My word, the food here is cheap. Most meals I buy cost less than half of what I'd pay back home. The other day I bought a sandwich, a cake and a drink - and I got change from a five Euro note. I think it all cost about the equivalent of $4.50 Australian. I found a bakery (well, more of a patisserie) in Tartu today that sells coffee for 40c a cup. Sure, it's just filtered coffee that you pour into a paper cup, but it's actually better than any of the other sources of coffee I've found in this town. For about the equivalent of $1.50 Australian I bought a danish and a coffee, and both were good.

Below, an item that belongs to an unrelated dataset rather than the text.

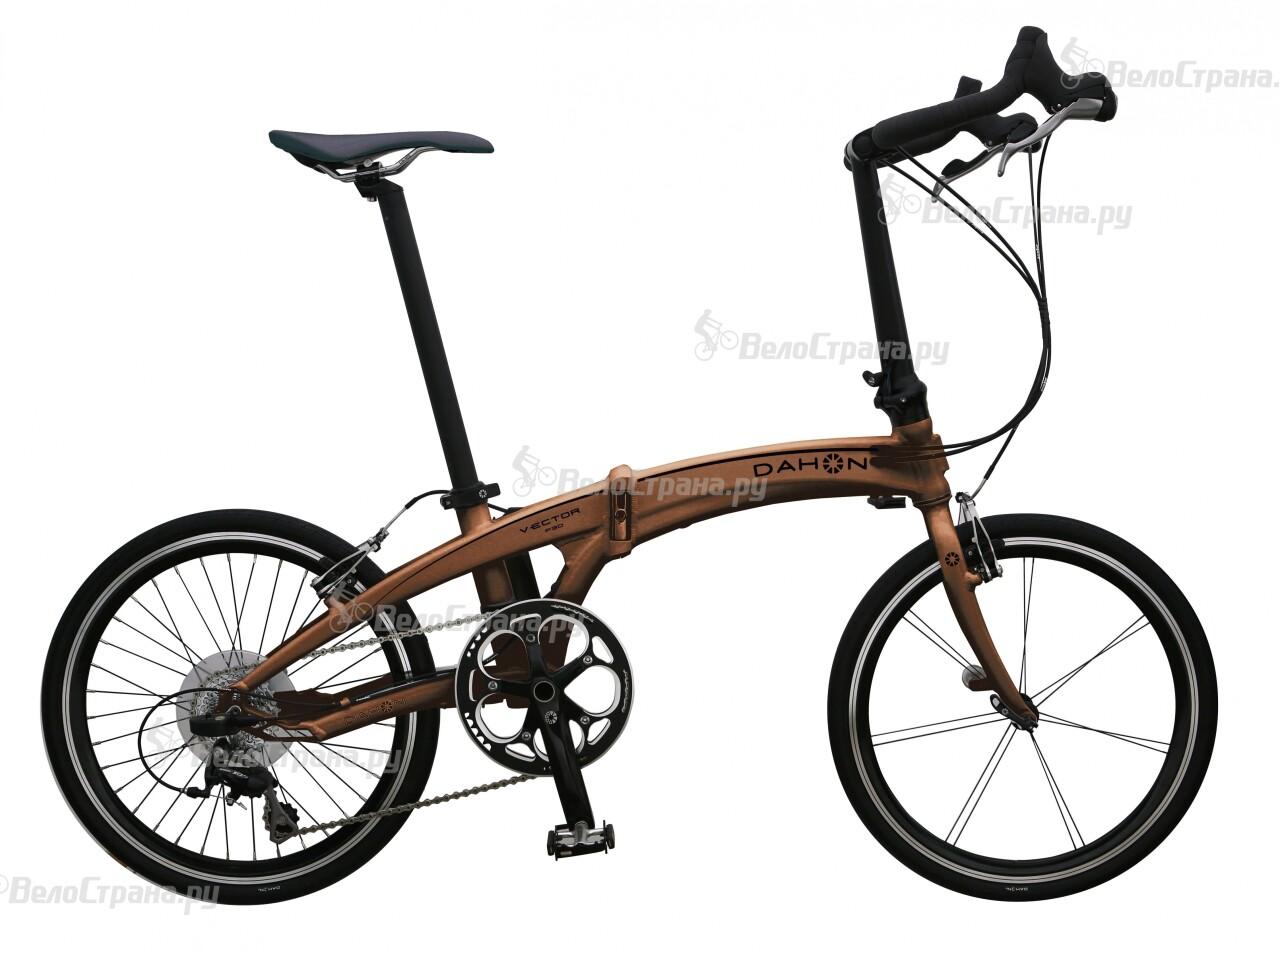 Велосипед Dahon Vector DD30 (2015) велосипед dahon speed d7 2015

I hear the wages here are pretty terrible and the cost of things like shoes is ridiculous, but I eating here is incredibly affordable. It's not just the stuff that people make in bakeries and cafes, either - I bought a packet of eight Snickers bars for less than a Euro in a shop in Binz. They were only snack-sized Snickers, but that's usually all I can eat in a chocolate bar, anyway, and it still cost less than one full-sized chocolate bar would cost back home.

I've figured out that if I could manage to get paid my normal wage in my country and live here it would be pretty sweet.

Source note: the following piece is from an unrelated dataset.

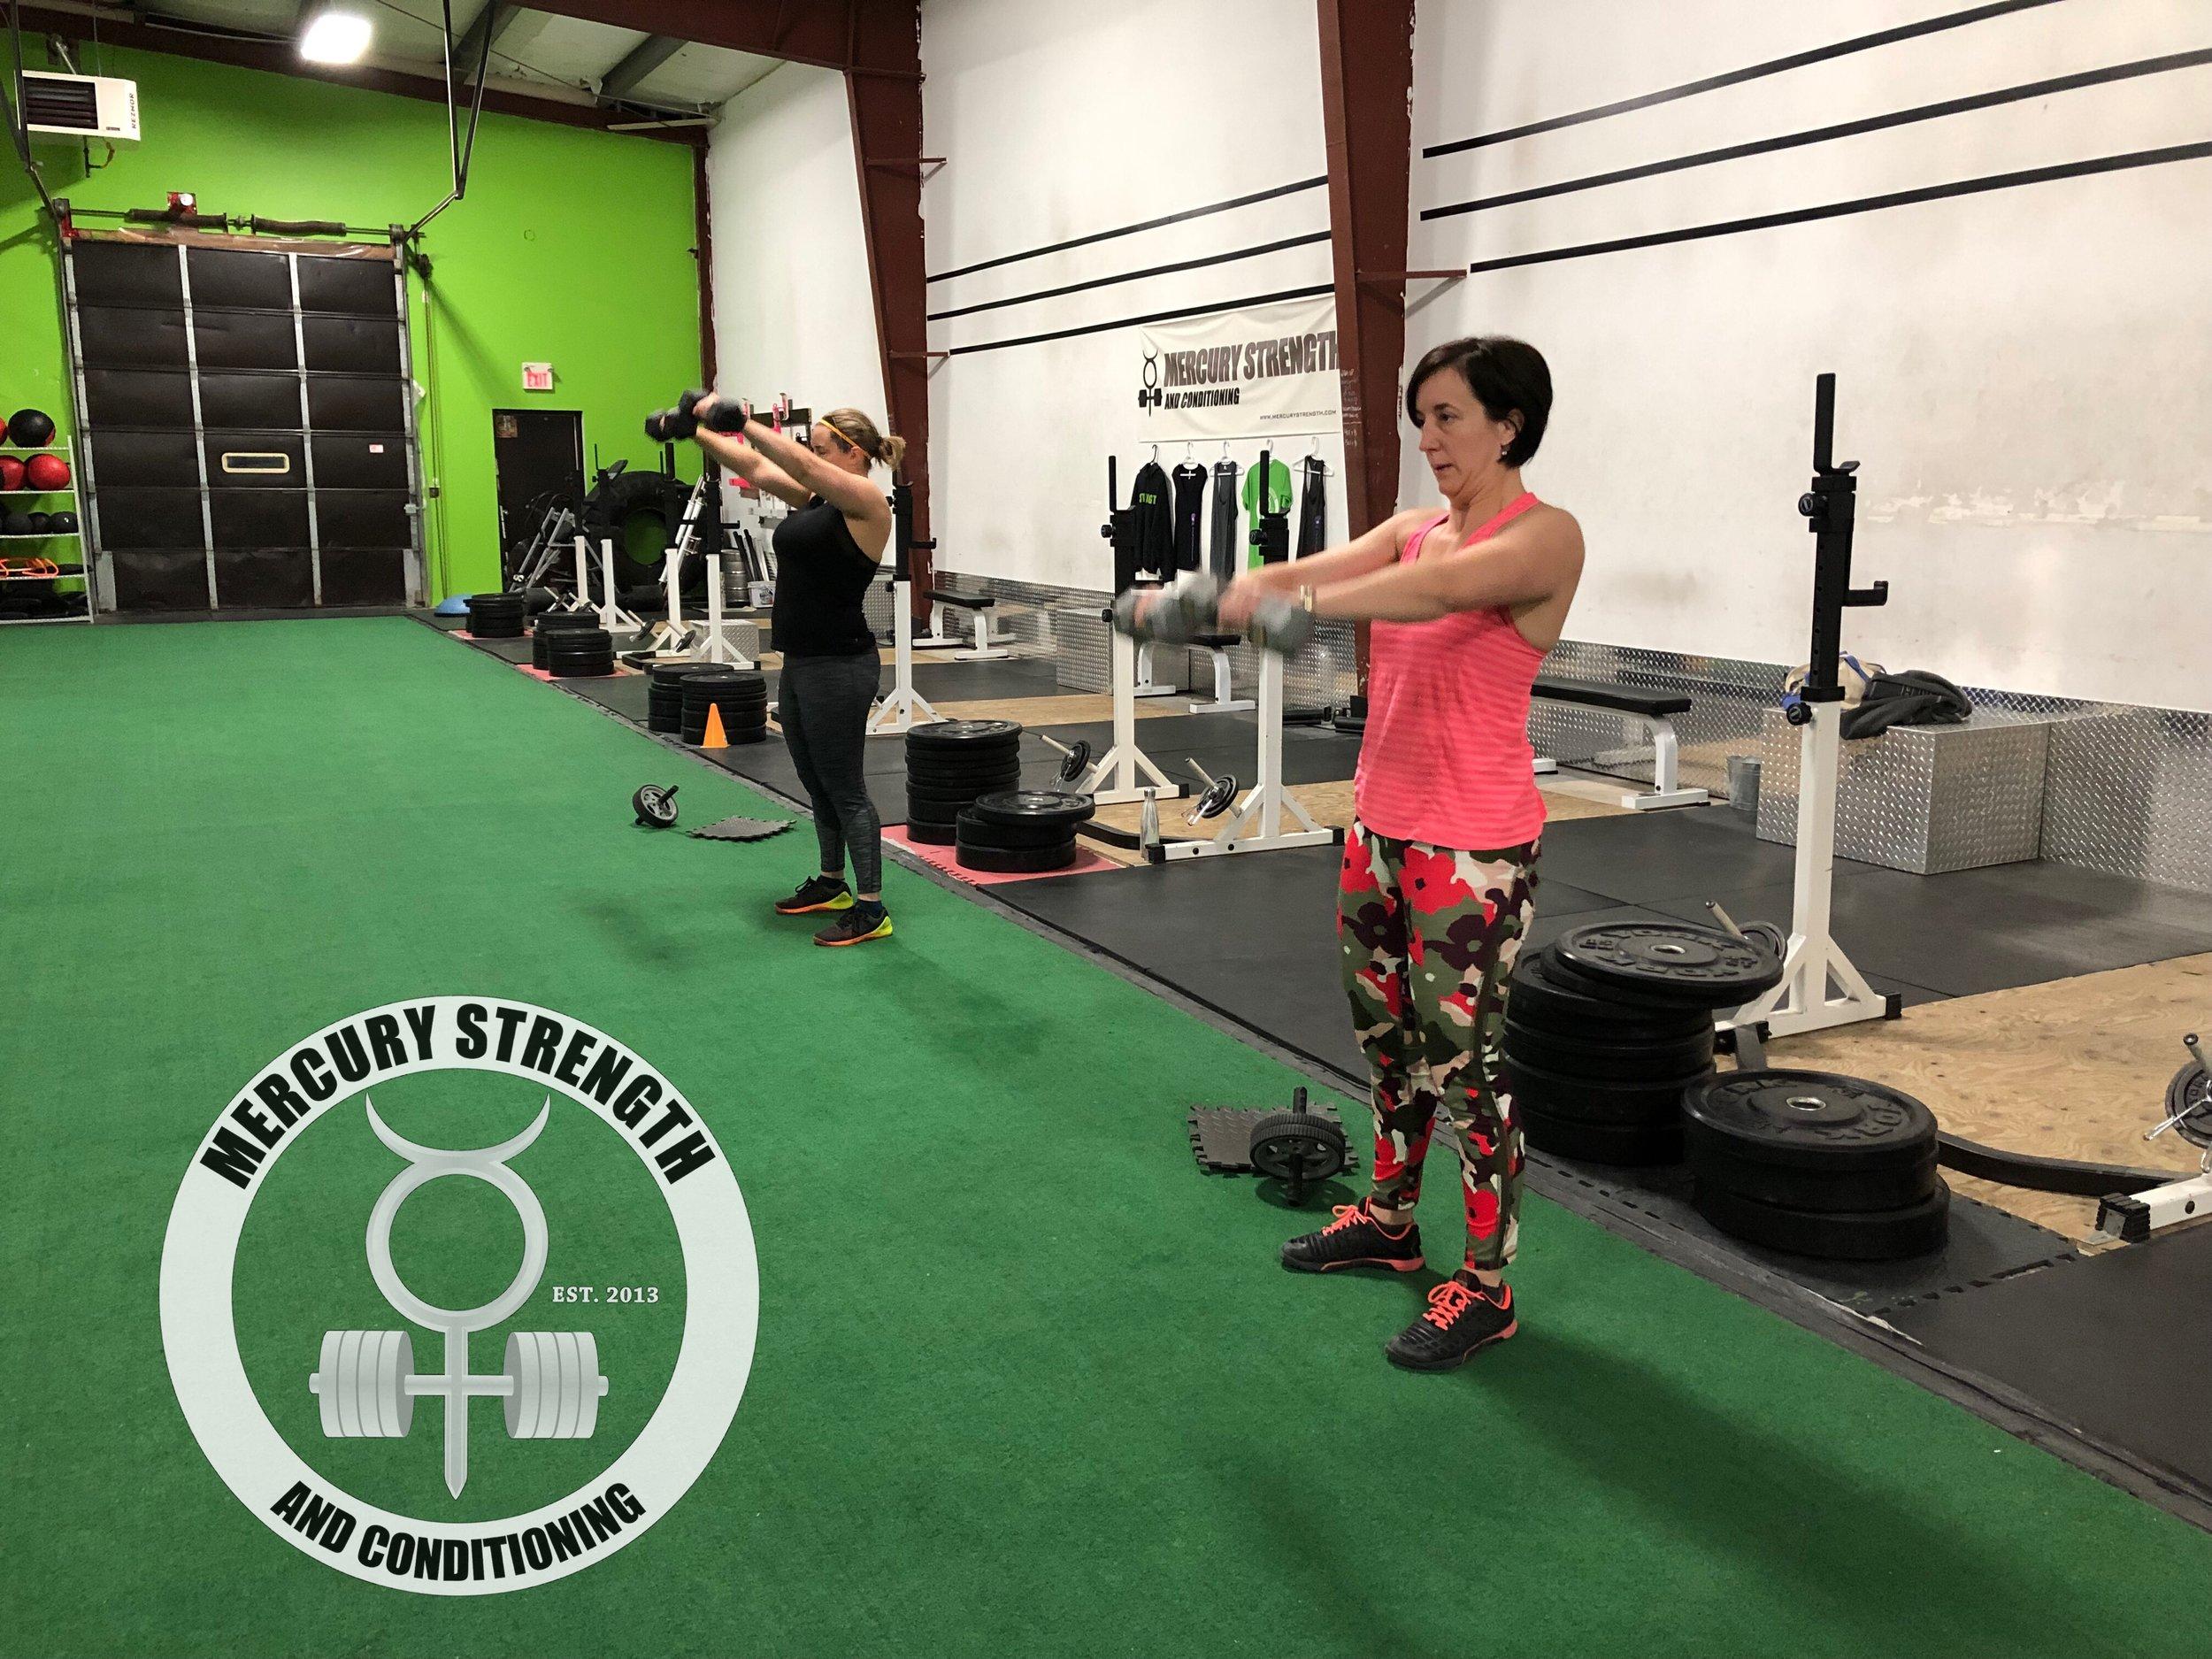 Gym-powerlifting-Olympic lifting-fitness-personal training-training-bootcamp-crossfit-kingston-kingston gym-kids-mercury-strength-conditioning-athlete-deltoid raises

Literally, I expect. The cakes are good, cheap and convenient, and I'm definitely not sticking to my "low gluten" diet.

I'm also not eating red meat, for some reason. I go into a restaurant thinking "a nice juicy steak would be nice" and end up ordering fish, or something. I don't know why. I haven't noticed any discernible difference as a result, but something tells me I probably won't notice any difference in what I am and am not eating as long as a major component of my diet is cake...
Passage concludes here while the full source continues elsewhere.